The company's disclosed concentration profile combines a product-level tilt toward a flagship active ingredient and a geographic supplier dependency, both of which are structural features of the agricultural chemistry business. The most prominent exposure is the product concentration around the Rynaxypyr® active (chlorantraniliprole), which the filing describes as the world's leading insect control technology with annual revenues of approximately $0.8 billion in 2025 — a medium share of the overall portfolio by disclosed size and structural in character. A second proprietary active, Cyazypyr® (cyantraniliprole), supported a product portfolio generating approximately $0.4 billion in revenues in 2025 — a small share by disclosed size, also structural. Together these two actives represent the core of the crop protection pipeline, meaning research productivity, patent duration, regulatory standing, and generic entry timing for these compounds are the primary product-level risk variables. The supply chain introduces a medium-share dependency: critical intermediates and finished products are sourced from suppliers largely outside the U.S. and principally in China and India. This is structural in the sense that the agrochemical supply chain globally relies on Asian intermediate chemistry, but it also carries a dependency character — trade policy changes, export controls, or regional disruptions affecting Chinese or Indian chemical suppliers could impair production economics or availability. The product and supplier exposures compound each other, since cost increases in sourced intermediates would most directly affect the margins on the flagship actives that drive the bulk of the revenue base.
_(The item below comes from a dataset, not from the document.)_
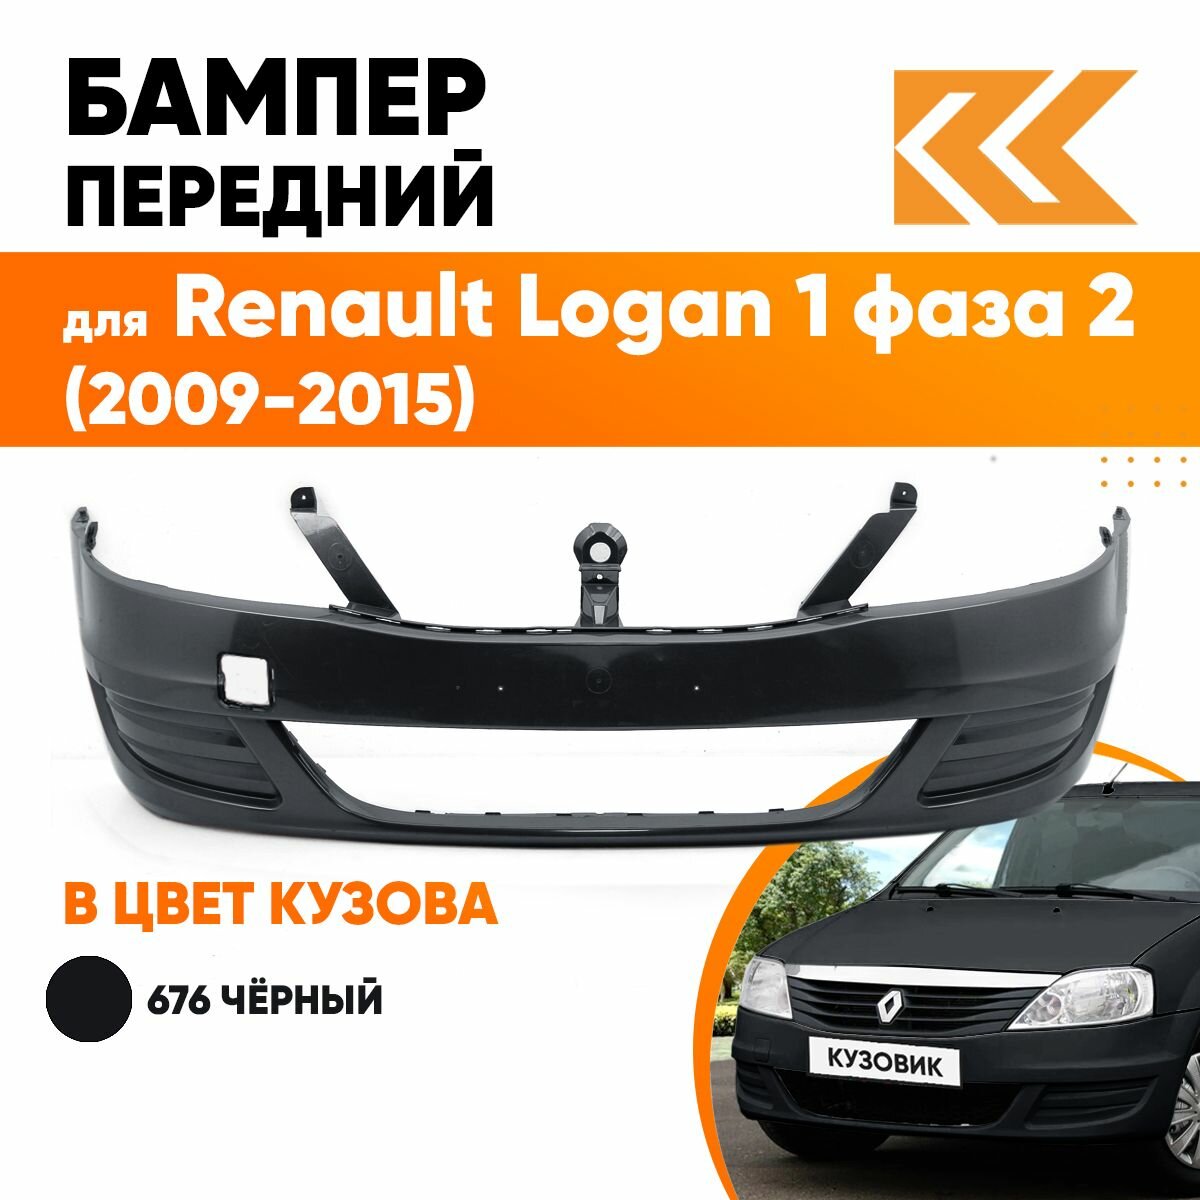 Бампер передний в цвет кузова для Рено Логан Renault Logan 1 фаза 2 (2009-2015) без отверстия под птф 676 - PEARL BLACK - Черный

For the engine’s reasoning on FMC’s current verdict — including which dimensions drove the score — see the per-dimension breakdown.
| Symbol | Name | HIGH | MEDIUM | LOW | Total |
|---|---|---|---|---|---|
| MOS | Mosaic Company (The) | 2 | 0 | 0 | 2 |
| CF | CF Industries Holdings, Inc. | 1 | 0 | 0 | 1 |
| FMC● | FMC Corporation | 0 | 2 | 1 | 3 |
| CTVA | Corteva, Inc. | 0 | 0 | 0 | 0 |
| SMG | Scotts Miracle-Gro Company (The | 0 | 0 | 0 | 0 |
Concentration counts reflect items disclosed in each peer’s most recent 10-K; disclosed-size classification uses TrendMatrix’s internal 10-K extraction taxonomy.